How many students reinvent the Peano Axioms? Or see the necessity of the Dedekind recursion theorem? Or invent the Grassmann induction proof that addition of whole numbers is associative and commutative?
How many of these classes get to correct versions? How many leave out details?
In a subject like math or even more so in physics, there is confusion and also intentional false statements as pitfalls.
Working with the correct versions is hard enough.
What benefit is it to stop at a wrong understanding?
Devlin doesn’t understand that addition and multiplication of natural numbers are just a way to keep one’s place in the count.
In the process of spelling it out, the author, teacher, tutor, etc. learns something and often doesn’t know the correct version unless they spell out the proof or method in every detail.
Computer programmers, users, etc. are always complaining the specs, documentation, etc. has left things out. Do we want specifications for VCRs, computers, etc. that leave things out?
If you look at videos for home repair, they spell it out. Unplug the refrigerator before replacing the automatic ice maker. Do we really want this left out? Which wires to connect? Leave it out?
Should anything involving safety leave out steps and entire concepts? The answer is no. This tells us people can’t invent those steps and safety precautions in all cases.
How many people continue with math courses taught this way? How many people search out Schaum’s outlines to see detailed step by step examples?
How many people learn something in math or applied math from an article that spells out in detail every step and obvious concept and connection?
The Dedekind book on natural numbers spells out each little lemma and its proof. How many have rediscovered it?
Math needs to be spelled out more not less.

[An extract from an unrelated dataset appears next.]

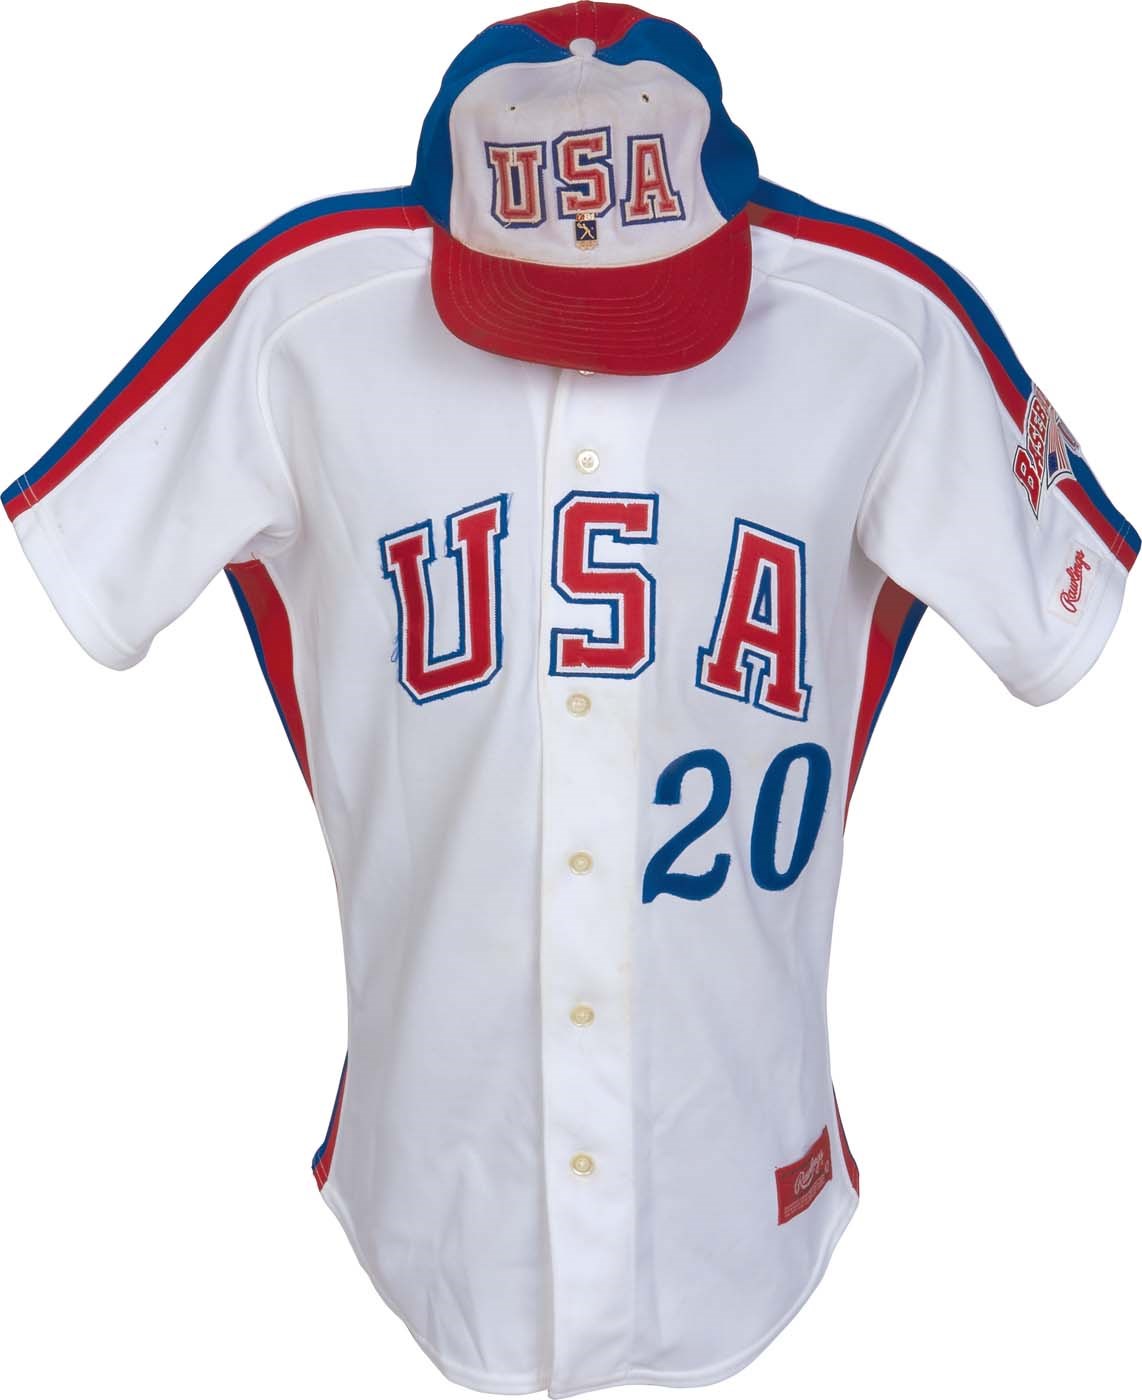 The 1984 USA Baseball Olympian Collection - 1984 Olympics John Marzano USA Game Worn Home-Run Uniform - First USA HR of the '84 Games (Photo-Matched)

Furthermore, important insights into math have been lost in current textbooks. Look at the book Lennes Veblen
This book is 100 years old and contains an approach to calculus reflecting the Lagrange and Cauchy way of doing calculus in some points. Most of this is completely lost to teachers of calculus today in high school and college.
In a series called Vanishing Calculus, I will demonstrate a superior way of teaching calculus incorporating these prior approaches. Base Point Test Point Calculus is a series already available in part that emphasizes the logic of limits closer to how they are taught currently.
Base Point Test Point Calculus spells out in complete words the logic of limits in calculus. Most students don’t understand this at all. This disproves the self discovery approach.
Base Point Test Point Calculus at e-vendor.
The don’t explain the details approach lets the textbook writer and thus the teacher off the hook to explain. In practice, such gaps are never made up. Tests are not more detailed and nit picky than are the text materials in practice. I would like to see a case where self discovery was used without a text that spells things out and the test asked for detailed distinctions of the students and marked off for not doing them correctly.
How could a test have the words and terminology to make distinctions that are common to the students taking the test if those words were not taught by the text or class materials?
If each student invents the restrictions and limitations of a method or theorem with their own words, how does the test have common words to use to ask them for those distinctions or mark them off for the wrong words to explain the distinctions?
How about a function is a set of ordered pairs in which no two ordered pairs have a common first element and different second element? Is this self discovered? Including the words?
Or the epsilon delta definition? Including the requirement of a test point in the domain of the function in each interval around the base point? This question illustrates the value of having terms for the parts of the limit definition. Why didn’t these teachers invent these words already? A few have, but the combination of base point and test point in the limit definition is new as far as I know.